Is it Time to Get Remote Staff in Your Print Shop?
Before 2020, you might never have even thought of the words “remote staff,” let alone made them part of your business plan. Yet, the new normal equals offering hybrid work arrangements to your team, and that’s probably not going away. Having a reliable, happy staff who can work onsite and remotely is one of the best ways to keep up an uninterrupted workflow — and uber-satisfied customers.
There are quite a few positions throughout your shop that keep your business running — and can be performed virtually. When you expand your shop roles into remote positions, you also get the opportunity to pull from a wider pool of candidates, and bring on contractors when you need them.
If you don’t already have people in these roles, consider hiring for them now, whether they’re part-time or full-time employees, or contractors:
- Graphic designer, screen-print artist, or embroidery digitizer
- Virtual assistant
- Receptionist or customer service rep
- Marketing manager, content creator, or social media manager
- Human resources, or training and onboarding staff
- Accountant or bookkeeper.
While some business owners still hesitate to allow their staff to work at home, at least part of the time, remote schedules and flexibility will be big differentiators when you want to find quality support people. Here’s what you need to know to get started with remote team members.

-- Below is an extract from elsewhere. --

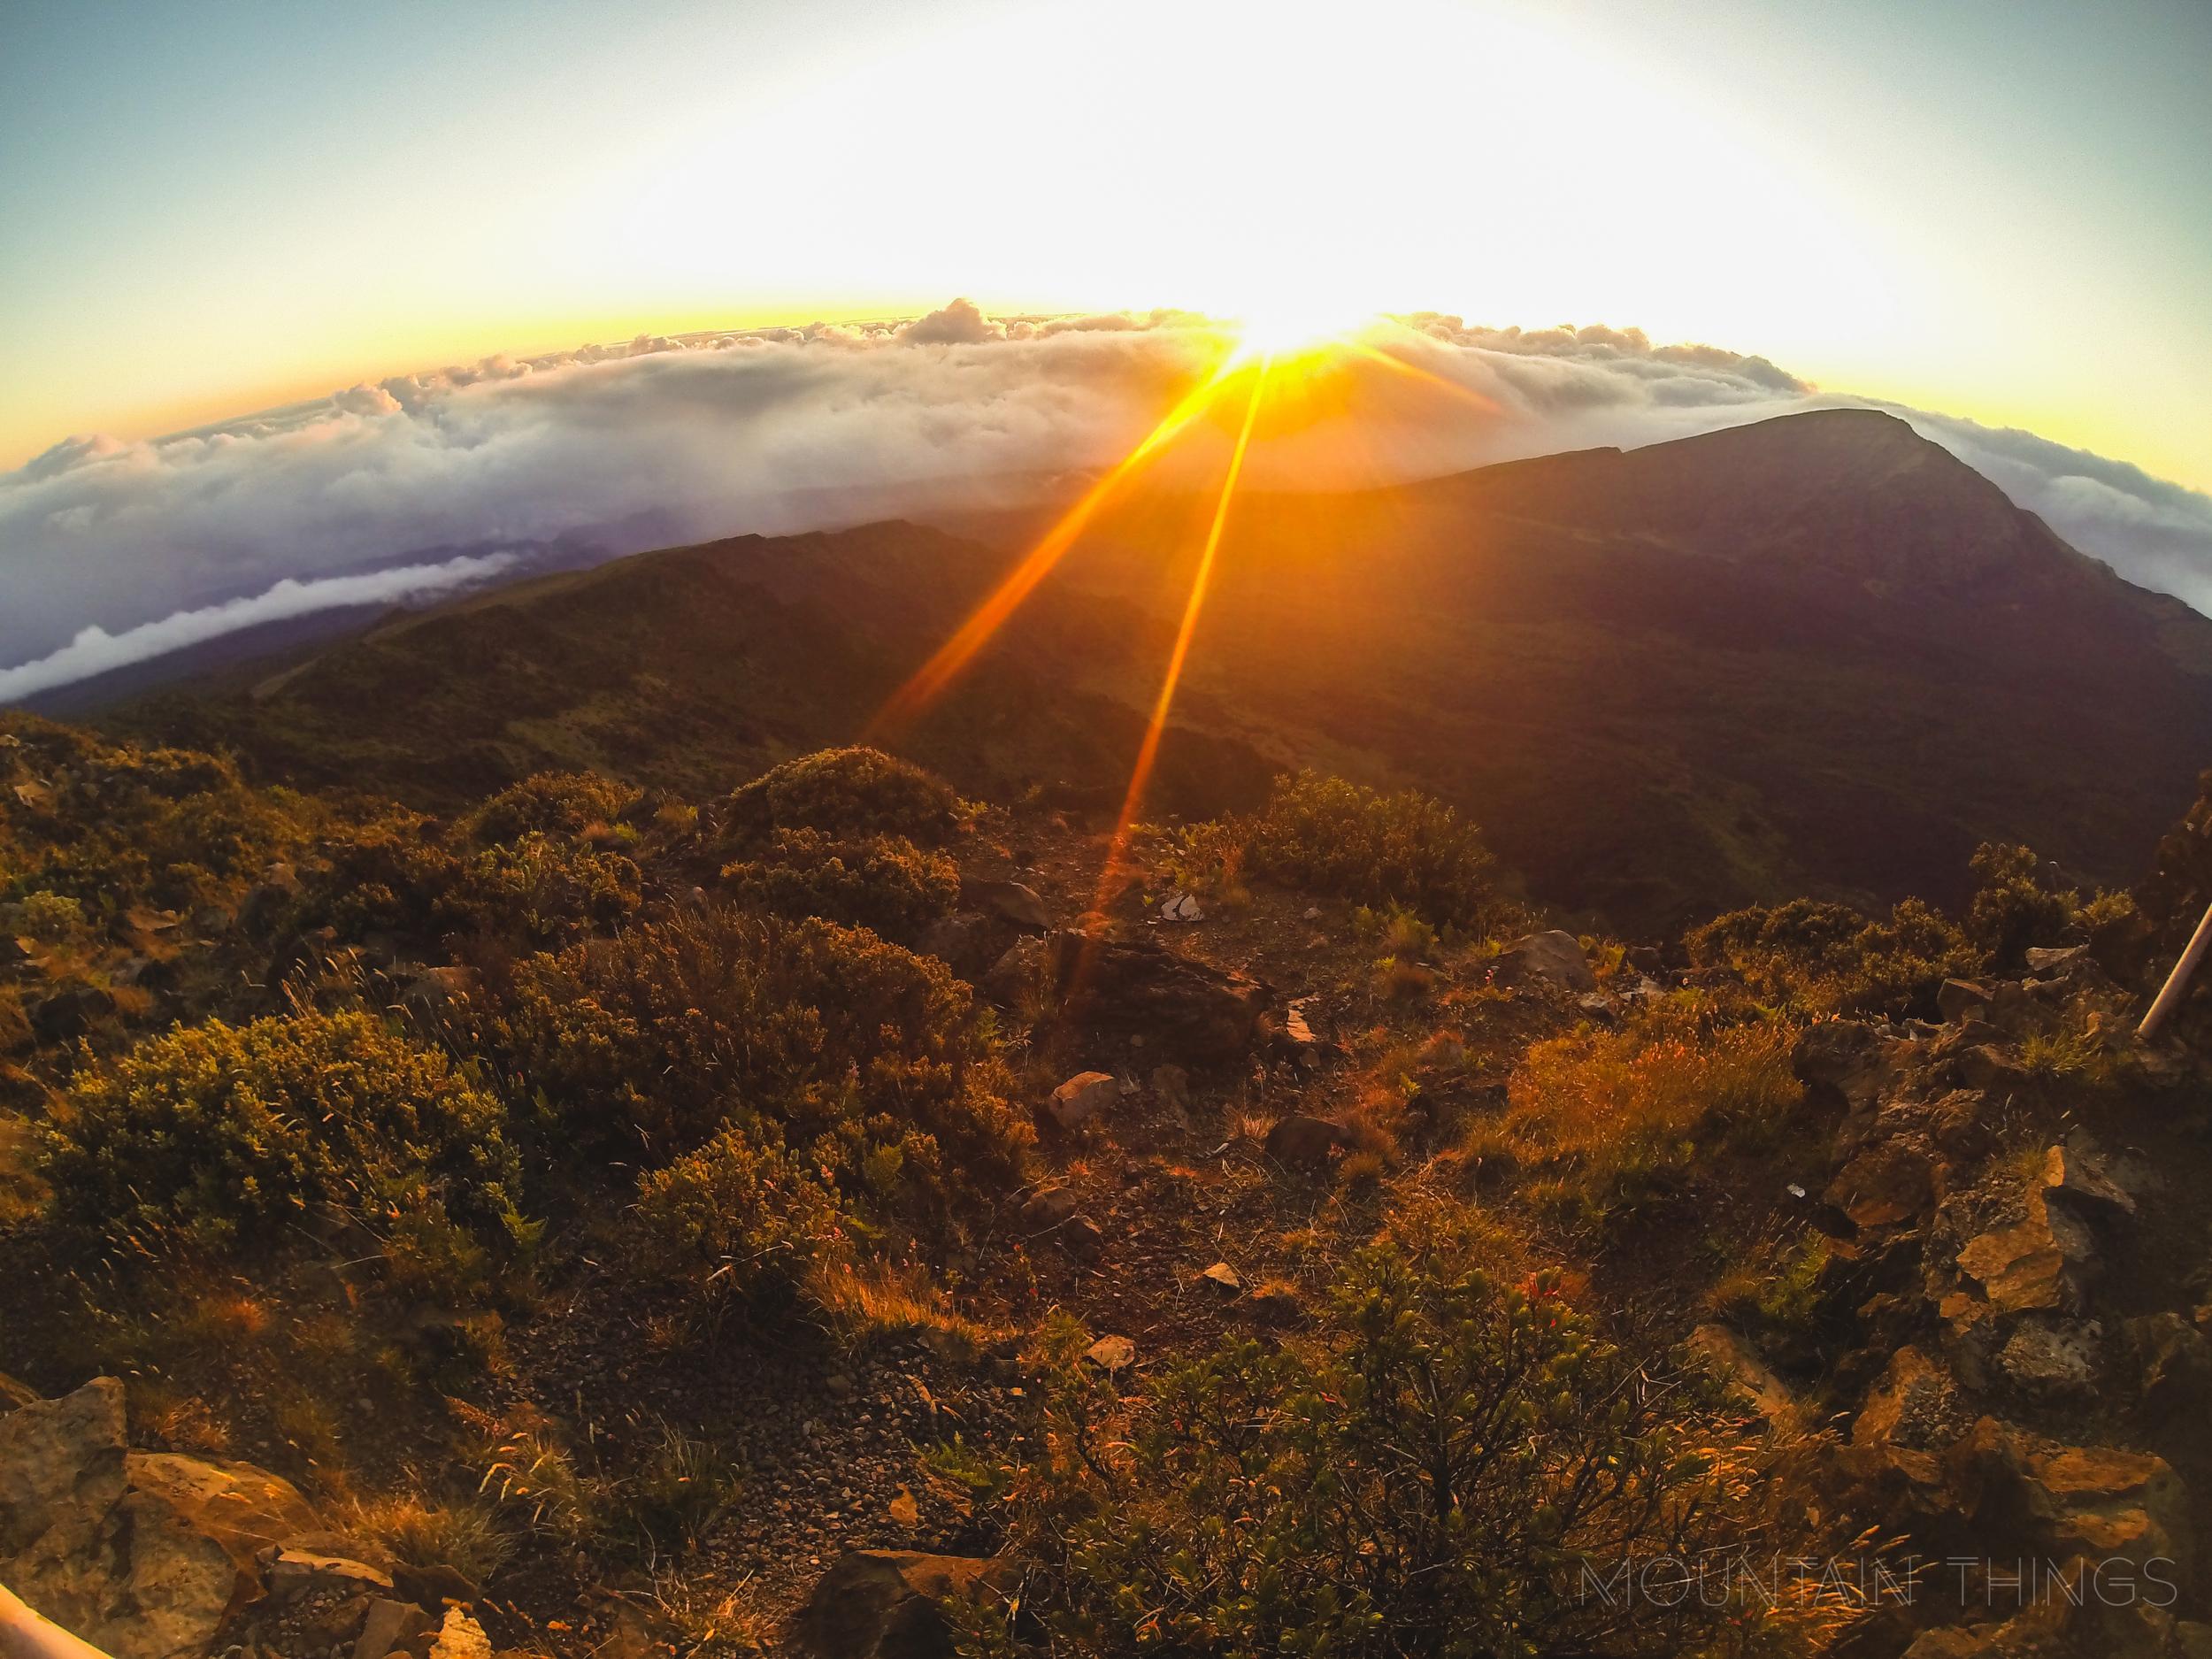 Haleakala has an unreal, mars-like terrain.

Are remote workers happier, more productive and more loyal?
All signs point to yes. Obviously, having a content staff can positively affect how well your shop runs and serves customers. Whether you allow onsite employees to partially work from home or you hire remote employees (or contractors), this data from Owl Labs’ State of Remote Work 2020 shows how a virtual environment can make or break your staff’s loyalty and longevity:
- 75% of people are the same or more productive while working from home.
- On average, remote employees worked an extra 26 hours each month during COVID (that’s nearly an extra day every week).

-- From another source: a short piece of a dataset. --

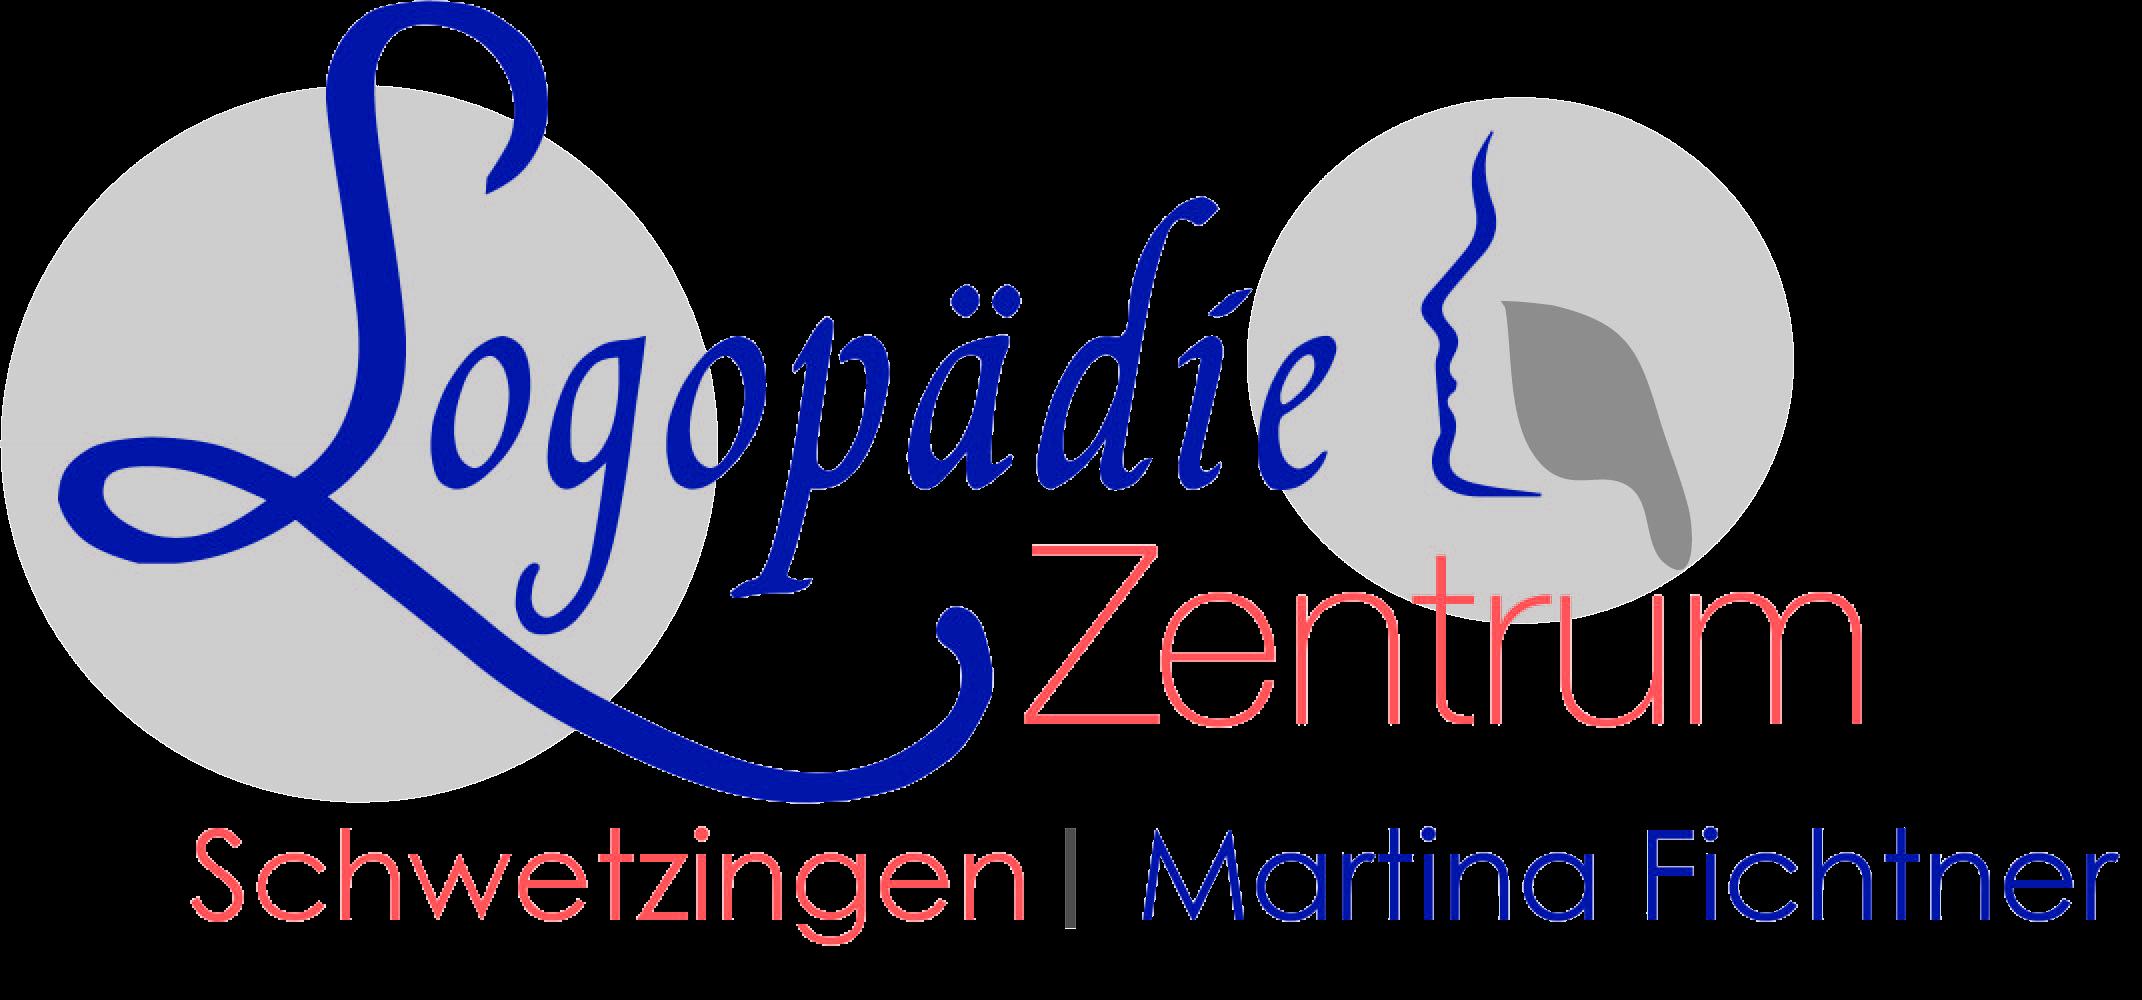 Logopädie Zentrum Schwetzingen

- Remote employees save an average of 40 minutes daily if they’re not commuting, and nearly $500 a month in expenses.
- 23% of full-time employees are willing to take a pay cut of over 10% to work from home, at least some of the time.
- 59% of respondents are more likely to choose a shop that offered remote work options, compared to those who didn’t.

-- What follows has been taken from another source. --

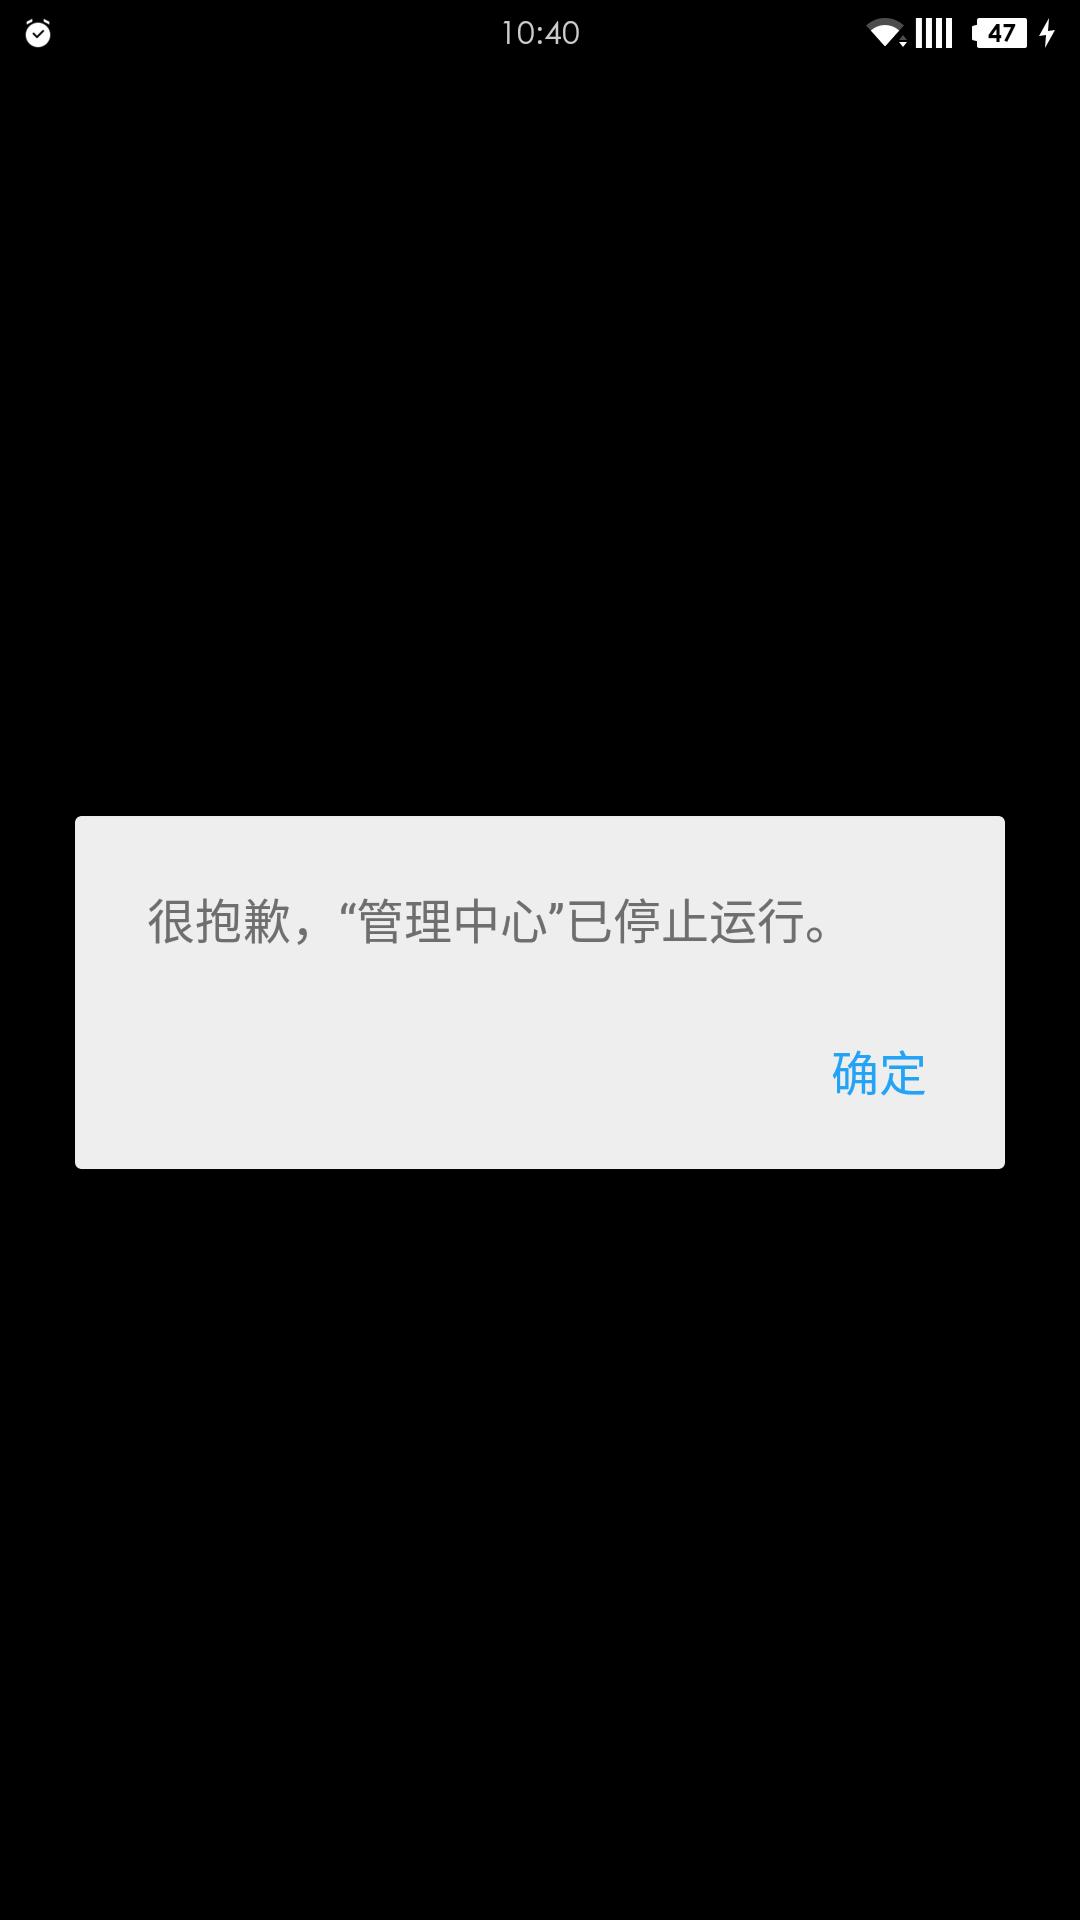 Screenshot_2016-03-26-10-40-55.png

However, before you hire anyone, you should take a look at your business’ needs. Each shop is different and what may work for you may not work for another (and vice versa). Depending on your shop size and order volume, you might need a full-time art director or marketing team. Or, you may need a part-time or contract graphic artist or social media manager. If your workload changes throughout the year, you might want to hire contract graphic designers, customer service reps and salespeople.
The difference between remote employees and contractors
There are a couple of terms you should be familiar with, in case you’re not already — contractors and remote employees — and the difference between the two.
It’s important to remember that a contractor isn’t your employee. Contractors work for themselves (and may have multiple clients if they’re running a business), so you contract with them to provide a specific service for your company. As such, they’re not on your company payroll as an employee, and you don’t provide them with benefits like health insurance, although you may pay them hourly or a set monthly fee for specific services. For example, if you outsource work to a graphic designer, you may pay by the hour or by the project. A bookkeeper might ask for a set monthly fee for ongoing services.
By contrast, an employee, even if they’re remote, does work directly for your shop. They’re on your payroll, they continue to work beyond one project, and may qualify for benefits if you offer them. The term “remote” implies that these employees may work from home some or all of the time.
Tip: If a remote employee resides in another state, talk to your benefits administrator to learn if anything needs to be adjusted because they live in another state than your business.
Generally, contractors don’t receive the same type of benefits that employees do, which can make an expert-level provider more affordable for you. Contractors are responsible for their own tools, fees, and taxes. Plus, you can often contract with them only when you need them, or for a specific length of time. This allows you to determine if they’ll meet your needs or if you need to look elsewhere. Start on a project basis or with an initial 30-day period. That’s why you may consider a virtual contractor who’s experienced in both remote working and the skillset you want to hire, like graphic design or sales, instead of a full-time employee.
Get going on remote roles
Don’t wait until a crisis happens to set up partly remote schedules for some of your employees or to bring on virtual staffers. Here are some quick tips to help you get started:
- Set up VPN or cloud access to your systems. Whether your customer service rep or graphic artist is sitting in your shop or at a remote desk 1,000 miles away, you want the experience to be the same. You might even want to hire an IT consultant to ensure everyone is set up correctly and trained.
- Set up routines, rules, and parameters so work gets done on time and well. Whether you expand a current staffer’s role with remote work options, hire a remote part-time employee, or bring on a contractor, everyone should understand your expectations and work as a team.
- Set up a cohesive shop culture that includes all team members. For example, you might hold a weekly or bimonthly video meeting with everyone to talk about goals and accomplishments.
- Set up partnerships with other local shops to take on decorating jobs in case your machine operators aren’t available for any reason. This also helps in case you have a larger-than-normal workflow.
Getting creative with how you can continue to delight customers and fulfill orders will serve you well during regular times, and when unexpected events arise.